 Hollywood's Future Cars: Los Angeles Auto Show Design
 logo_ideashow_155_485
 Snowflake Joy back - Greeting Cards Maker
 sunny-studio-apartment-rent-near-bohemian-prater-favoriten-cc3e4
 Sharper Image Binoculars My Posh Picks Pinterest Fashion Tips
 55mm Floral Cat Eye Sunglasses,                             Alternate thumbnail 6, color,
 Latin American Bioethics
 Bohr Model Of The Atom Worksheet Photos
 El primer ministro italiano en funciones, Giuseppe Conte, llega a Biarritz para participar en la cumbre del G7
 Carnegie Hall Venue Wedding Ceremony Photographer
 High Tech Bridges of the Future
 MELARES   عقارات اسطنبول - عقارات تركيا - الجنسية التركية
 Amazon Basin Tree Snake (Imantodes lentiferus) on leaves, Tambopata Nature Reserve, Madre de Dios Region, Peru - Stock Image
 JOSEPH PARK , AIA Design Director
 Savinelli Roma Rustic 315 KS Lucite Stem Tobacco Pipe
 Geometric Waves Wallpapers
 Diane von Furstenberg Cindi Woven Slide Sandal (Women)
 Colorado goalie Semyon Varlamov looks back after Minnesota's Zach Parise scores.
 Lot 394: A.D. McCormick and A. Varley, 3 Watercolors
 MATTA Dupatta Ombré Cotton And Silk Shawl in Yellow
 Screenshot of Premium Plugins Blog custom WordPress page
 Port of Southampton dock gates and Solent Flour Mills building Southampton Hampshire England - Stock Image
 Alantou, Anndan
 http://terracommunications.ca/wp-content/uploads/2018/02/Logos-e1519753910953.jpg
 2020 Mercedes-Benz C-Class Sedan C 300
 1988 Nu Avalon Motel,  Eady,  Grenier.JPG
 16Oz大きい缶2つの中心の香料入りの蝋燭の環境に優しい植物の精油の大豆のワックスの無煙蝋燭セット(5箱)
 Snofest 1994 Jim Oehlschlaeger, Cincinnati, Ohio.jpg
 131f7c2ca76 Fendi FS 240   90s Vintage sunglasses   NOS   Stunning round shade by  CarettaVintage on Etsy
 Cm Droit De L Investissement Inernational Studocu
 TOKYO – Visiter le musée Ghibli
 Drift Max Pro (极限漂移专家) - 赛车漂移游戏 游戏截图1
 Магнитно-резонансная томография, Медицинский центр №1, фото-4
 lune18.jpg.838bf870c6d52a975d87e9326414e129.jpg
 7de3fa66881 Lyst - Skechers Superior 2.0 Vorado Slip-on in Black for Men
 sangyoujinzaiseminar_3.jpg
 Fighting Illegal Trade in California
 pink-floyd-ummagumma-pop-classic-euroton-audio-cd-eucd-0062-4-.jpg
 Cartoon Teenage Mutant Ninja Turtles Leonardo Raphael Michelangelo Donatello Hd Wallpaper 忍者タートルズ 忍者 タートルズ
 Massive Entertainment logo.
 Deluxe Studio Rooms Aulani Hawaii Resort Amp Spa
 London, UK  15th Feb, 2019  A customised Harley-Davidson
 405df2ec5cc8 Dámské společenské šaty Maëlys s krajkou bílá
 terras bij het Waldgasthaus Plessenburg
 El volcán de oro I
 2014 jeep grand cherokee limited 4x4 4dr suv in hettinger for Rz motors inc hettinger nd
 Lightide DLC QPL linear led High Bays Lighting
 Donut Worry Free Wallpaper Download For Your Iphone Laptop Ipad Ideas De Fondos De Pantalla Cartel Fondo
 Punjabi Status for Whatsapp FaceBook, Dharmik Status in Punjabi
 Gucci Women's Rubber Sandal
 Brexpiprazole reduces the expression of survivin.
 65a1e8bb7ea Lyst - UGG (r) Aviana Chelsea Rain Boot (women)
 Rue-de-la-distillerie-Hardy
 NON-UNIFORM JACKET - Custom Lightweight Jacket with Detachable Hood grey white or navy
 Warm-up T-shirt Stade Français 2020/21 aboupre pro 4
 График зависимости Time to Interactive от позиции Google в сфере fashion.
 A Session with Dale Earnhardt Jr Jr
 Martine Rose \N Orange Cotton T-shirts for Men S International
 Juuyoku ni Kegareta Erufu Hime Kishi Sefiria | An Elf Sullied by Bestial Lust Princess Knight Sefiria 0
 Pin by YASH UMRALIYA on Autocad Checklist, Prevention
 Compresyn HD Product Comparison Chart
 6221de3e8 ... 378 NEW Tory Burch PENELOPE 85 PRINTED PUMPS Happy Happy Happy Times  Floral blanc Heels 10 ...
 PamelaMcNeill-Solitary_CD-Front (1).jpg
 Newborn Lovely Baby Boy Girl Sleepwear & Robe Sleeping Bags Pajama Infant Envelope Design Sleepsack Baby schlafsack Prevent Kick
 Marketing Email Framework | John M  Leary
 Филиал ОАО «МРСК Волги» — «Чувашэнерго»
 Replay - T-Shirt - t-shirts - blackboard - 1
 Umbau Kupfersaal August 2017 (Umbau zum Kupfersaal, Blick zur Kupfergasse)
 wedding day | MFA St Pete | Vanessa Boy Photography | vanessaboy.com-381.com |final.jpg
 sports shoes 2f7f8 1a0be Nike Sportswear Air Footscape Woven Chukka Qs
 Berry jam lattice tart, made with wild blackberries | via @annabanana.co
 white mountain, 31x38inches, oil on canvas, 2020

--------

Exercise brief => Within the listing above, extract exactly the lines from the line with "sunny-studio-apartment-rent-near-bohemian-prater-favoriten-cc3e4" to the line with "Cartoon Teenage Mutant", the two named lines included, and no others.

Answer =>
 sunny-studio-apartment-rent-near-bohemian-prater-favoriten-cc3e4
 Sharper Image Binoculars My Posh Picks Pinterest Fashion Tips
 55mm Floral Cat Eye Sunglasses,                             Alternate thumbnail 6, color,
 Latin American Bioethics
 Bohr Model Of The Atom Worksheet Photos
 El primer ministro italiano en funciones, Giuseppe Conte, llega a Biarritz para participar en la cumbre del G7
 Carnegie Hall Venue Wedding Ceremony Photographer
 High Tech Bridges of the Future
 MELARES   عقارات اسطنبول - عقارات تركيا - الجنسية التركية
 Amazon Basin Tree Snake (Imantodes lentiferus) on leaves, Tambopata Nature Reserve, Madre de Dios Region, Peru - Stock Image
 JOSEPH PARK , AIA Design Director
 Savinelli Roma Rustic 315 KS Lucite Stem Tobacco Pipe
 Geometric Waves Wallpapers
 Diane von Furstenberg Cindi Woven Slide Sandal (Women)
 Colorado goalie Semyon Varlamov looks back after Minnesota's Zach Parise scores.
 Lot 394: A.D. McCormick and A. Varley, 3 Watercolors
 MATTA Dupatta Ombré Cotton And Silk Shawl in Yellow
 Screenshot of Premium Plugins Blog custom WordPress page
 Port of Southampton dock gates and Solent Flour Mills building Southampton Hampshire England - Stock Image
 Alantou, Anndan
 http://terracommunications.ca/wp-content/uploads/2018/02/Logos-e1519753910953.jpg
 2020 Mercedes-Benz C-Class Sedan C 300
 1988 Nu Avalon Motel,  Eady,  Grenier.JPG
 16Oz大きい缶2つの中心の香料入りの蝋燭の環境に優しい植物の精油の大豆のワックスの無煙蝋燭セット(5箱)
 Snofest 1994 Jim Oehlschlaeger, Cincinnati, Ohio.jpg
 131f7c2ca76 Fendi FS 240   90s Vintage sunglasses   NOS   Stunning round shade by  CarettaVintage on Etsy
 Cm Droit De L Investissement Inernational Studocu
 TOKYO – Visiter le musée Ghibli
 Drift Max Pro (极限漂移专家) - 赛车漂移游戏 游戏截图1
 Магнитно-резонансная томография, Медицинский центр №1, фото-4
 lune18.jpg.838bf870c6d52a975d87e9326414e129.jpg
 7de3fa66881 Lyst - Skechers Superior 2.0 Vorado Slip-on in Black for Men
 sangyoujinzaiseminar_3.jpg
 Fighting Illegal Trade in California
 pink-floyd-ummagumma-pop-classic-euroton-audio-cd-eucd-0062-4-.jpg
 Cartoon Teenage Mutant Ninja Turtles Leonardo Raphael Michelangelo Donatello Hd Wallpaper 忍者タートルズ 忍者 タートルズ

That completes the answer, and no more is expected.